Amie Glover

5 April 2005

 

Shell Sighting!!

 

Sarah and I smile while we dodge waves

 
 

 


            Before the Spring 2005 semester started, my roommate Adrienne and I drove through Austin to visit our friends in Corpus Christi.  This trip was in many ways surreal – not only finally seeing Sarah, Caroline, and Molly after nearly six weeks apart during the Christmas break, but also seeing them in the town where they’d grown up – and it was one that really seemed to cement our friendship.  We weren’t just friends who’d met at college and lived down the hall from each other.  No, we’d shared a part of their lives: meeting their families, seeing their bedrooms, playing with their dogs, hanging out at their favorite childhood play spots taught us not just about their city but about them.

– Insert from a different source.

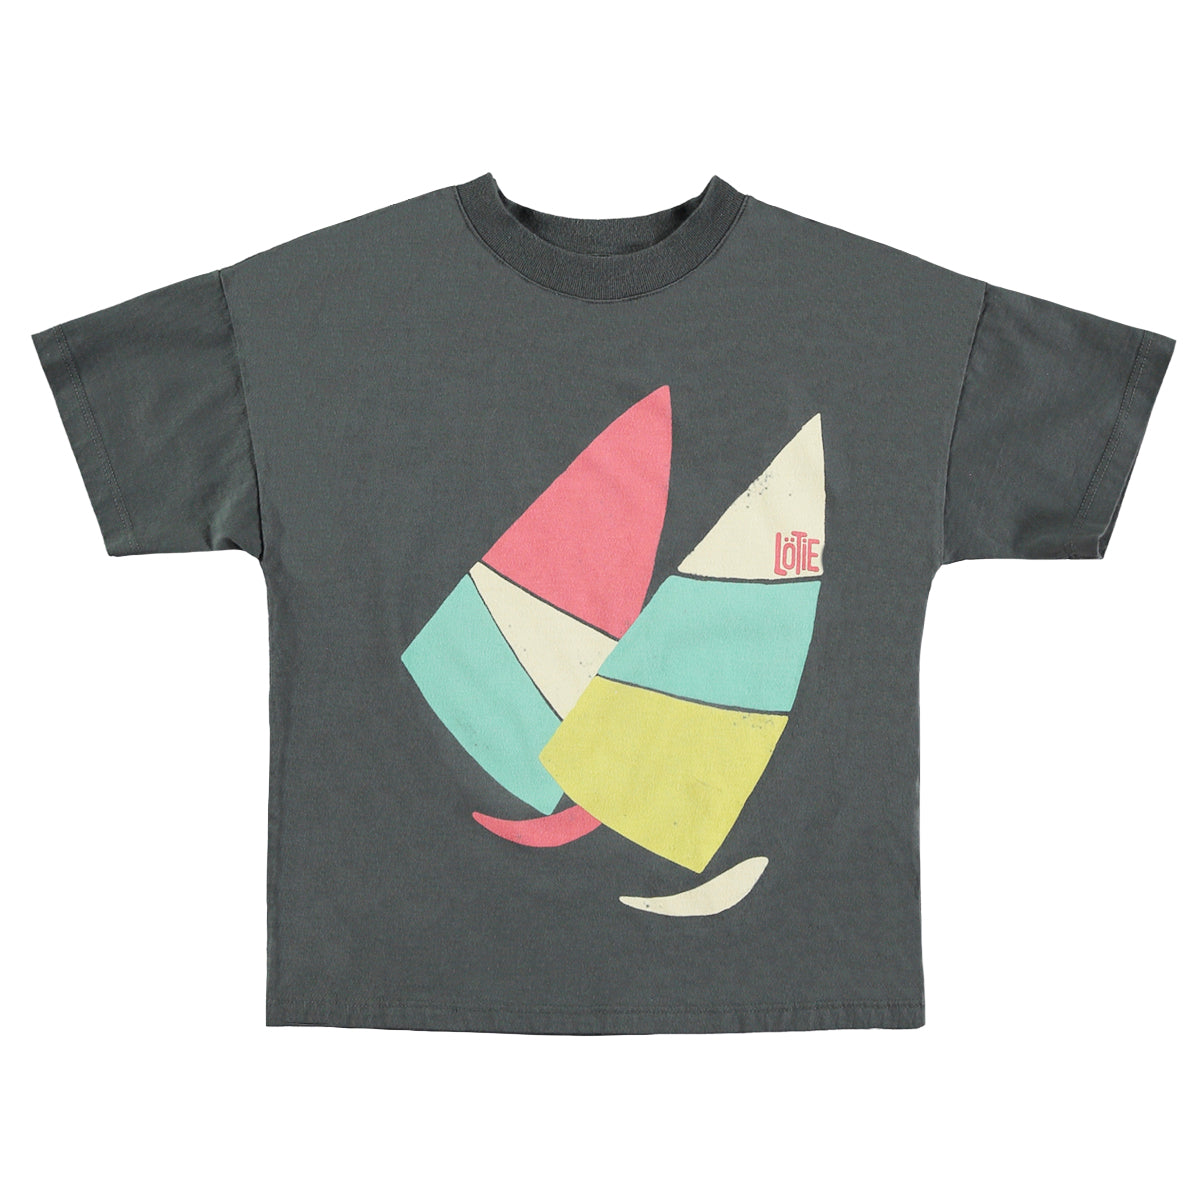 Lotie Kids - wide fit t-shirt - windsurf - anthracite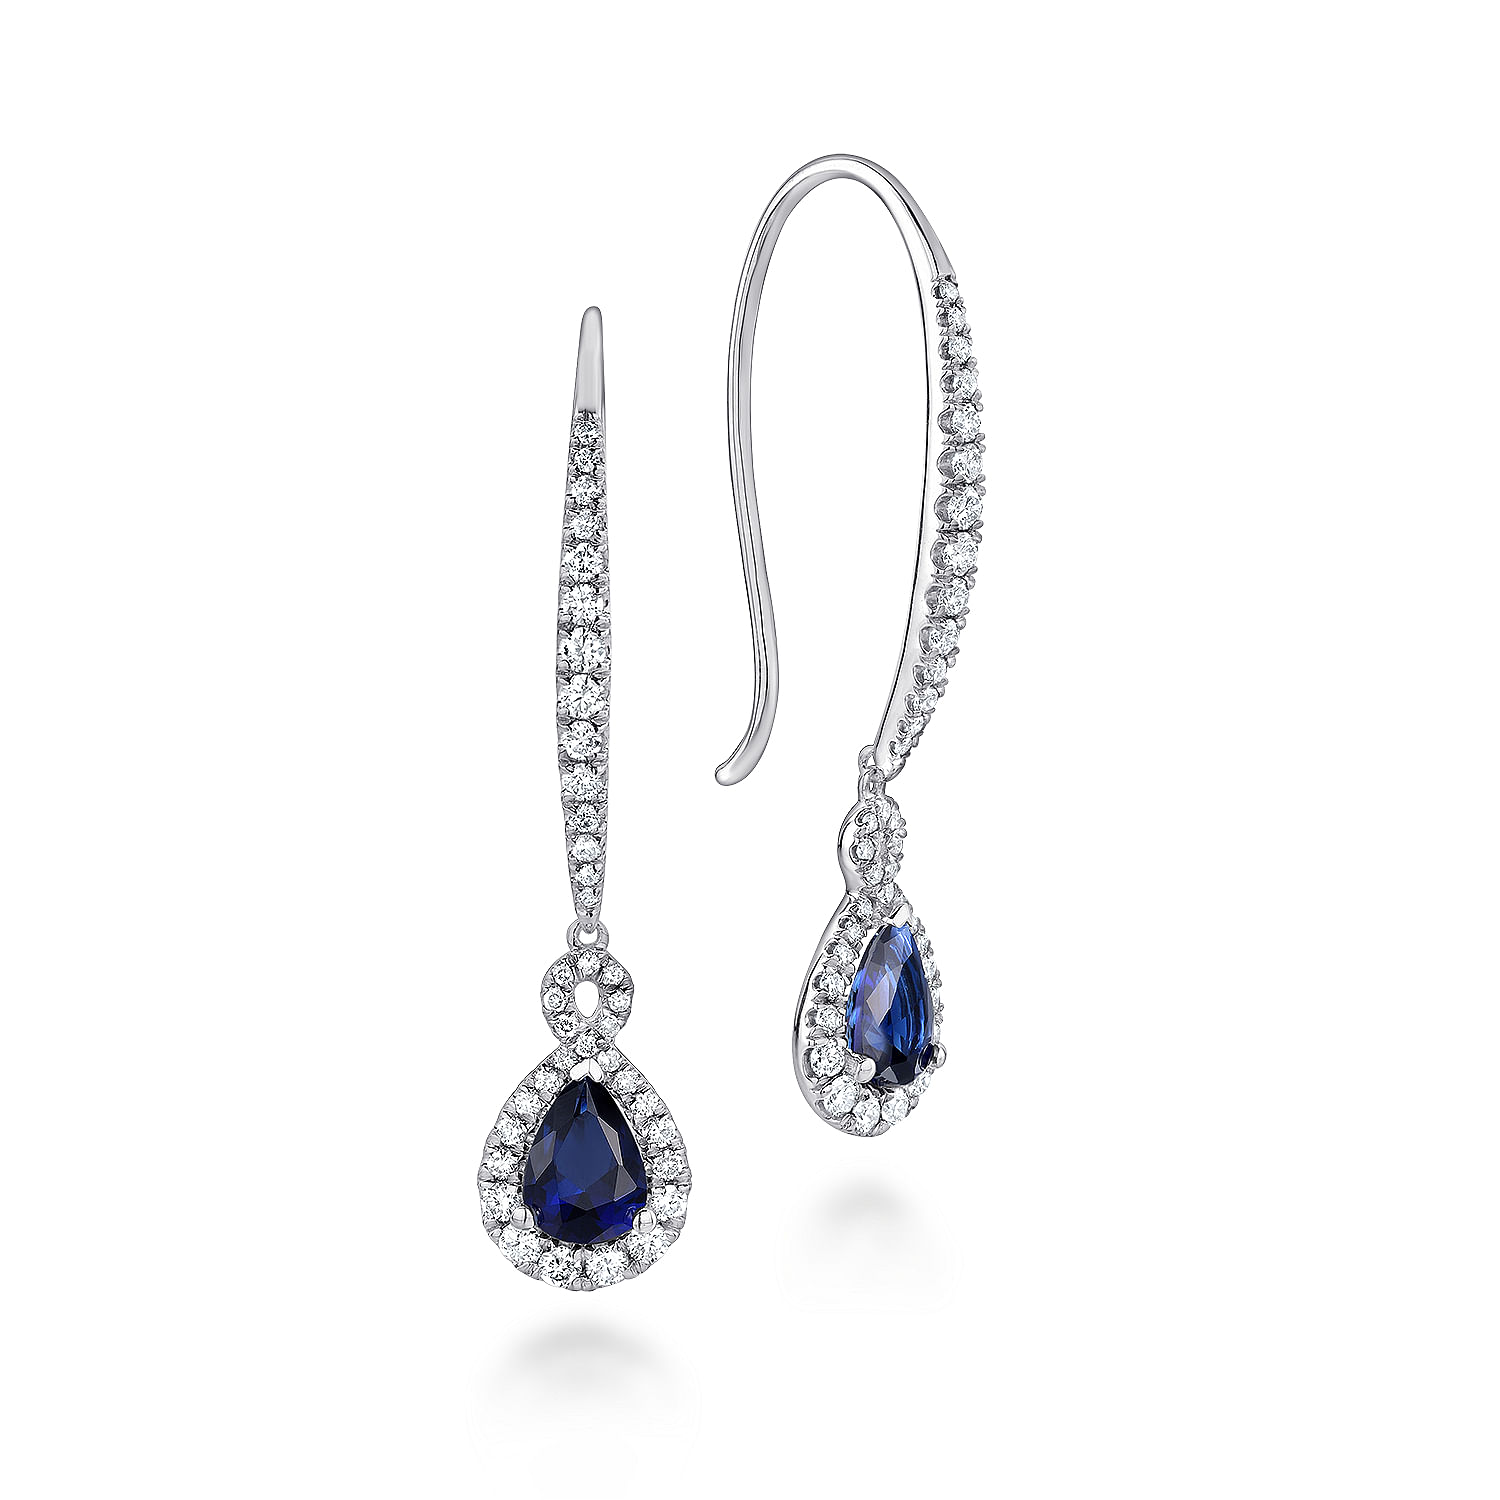 14K White Gold Diamond and Pear Shaped Sapphire Fish Wire Drop Earrings

            One night we played hide-and-go-seek at the playground on the seawall.  We spent hours running around the slides, swinging across monkey bars, and climbing on the outsides of the bridges where only the “big kids” can reach.  Several times while we played, I grinned to myself, remembering all the times I’d wished as a kid that I could climb up the slide, or climb over the sides of the bridges, or hang on the outside of the guardrails.  Now, here I was, nineteen years old, a supposedly mature college student, goofing off on the playground in the middle of the night.   I can’t imagine the night having been any better.

            The next morning, we visited the seashore on Padre Island.  The day was chilly – my toes, wet from the foam and sprinkled with sand, tingled as we walked along the shore.  My curly hair frizzed from the moist ocean breeze, and I could feel the sun warm my back through my jacket as we moseyed along the tide line.  As we walked, Sarah and I looked for sand dollars, but each one we found was broken.  She poked at jellyfish beached on the sand.  I yelled at her to stop.  She did it anyway.  Adrienne laughed and poked them, too.  She also laughs when people pour salt on slugs. My friends are so insensitive.

            While they were busy torturing poor, defenseless animals, I found a seashell.  After picking it up and brushing the moist sand off it, I stuck it, along with my cold fingers in my pocket.  As I stood with my feet in the waves, jeans rolled up, cool wind in my face, a feeling crept over me… I thought, “So this is life… I don’t have it figured out yet, but this is it.”  That’s really not supposed to sound deep or anything; no Garden State memoirs here.  I just thought it.

            Admittedly, I didn’t think of the shell as a symbol of our pilgrimage until after I’d stuck it in my pocket and walked down the beach a little longer.  I remembered it as a symbol of our higher purpose.  I wondered what mine was.  A few ideas came to mind.  I smiled to myself and went back to talk to the agents of animal cruelty…

            when we returned home and unpacked, took the shell out of my pocket and put it on a shelf over my desk.  Later, I placed it on my bulletin board as a reminder of my fun trip and the great friends I’m blessed and privileged to have, and a reminder to keep my ultimate calling in check.  In many ways, I see my friends as part of my greater purpose.  They’re not my ultimate purpose, nor my highest calling, but they’re such a huge part of it that I can’t imagine going on a pilgrimage without them.

            Needless to say, I was pretty excited when Professor Bump offered extra credit for finding a shell on campus… I just happened to have my shell on my bulletin board.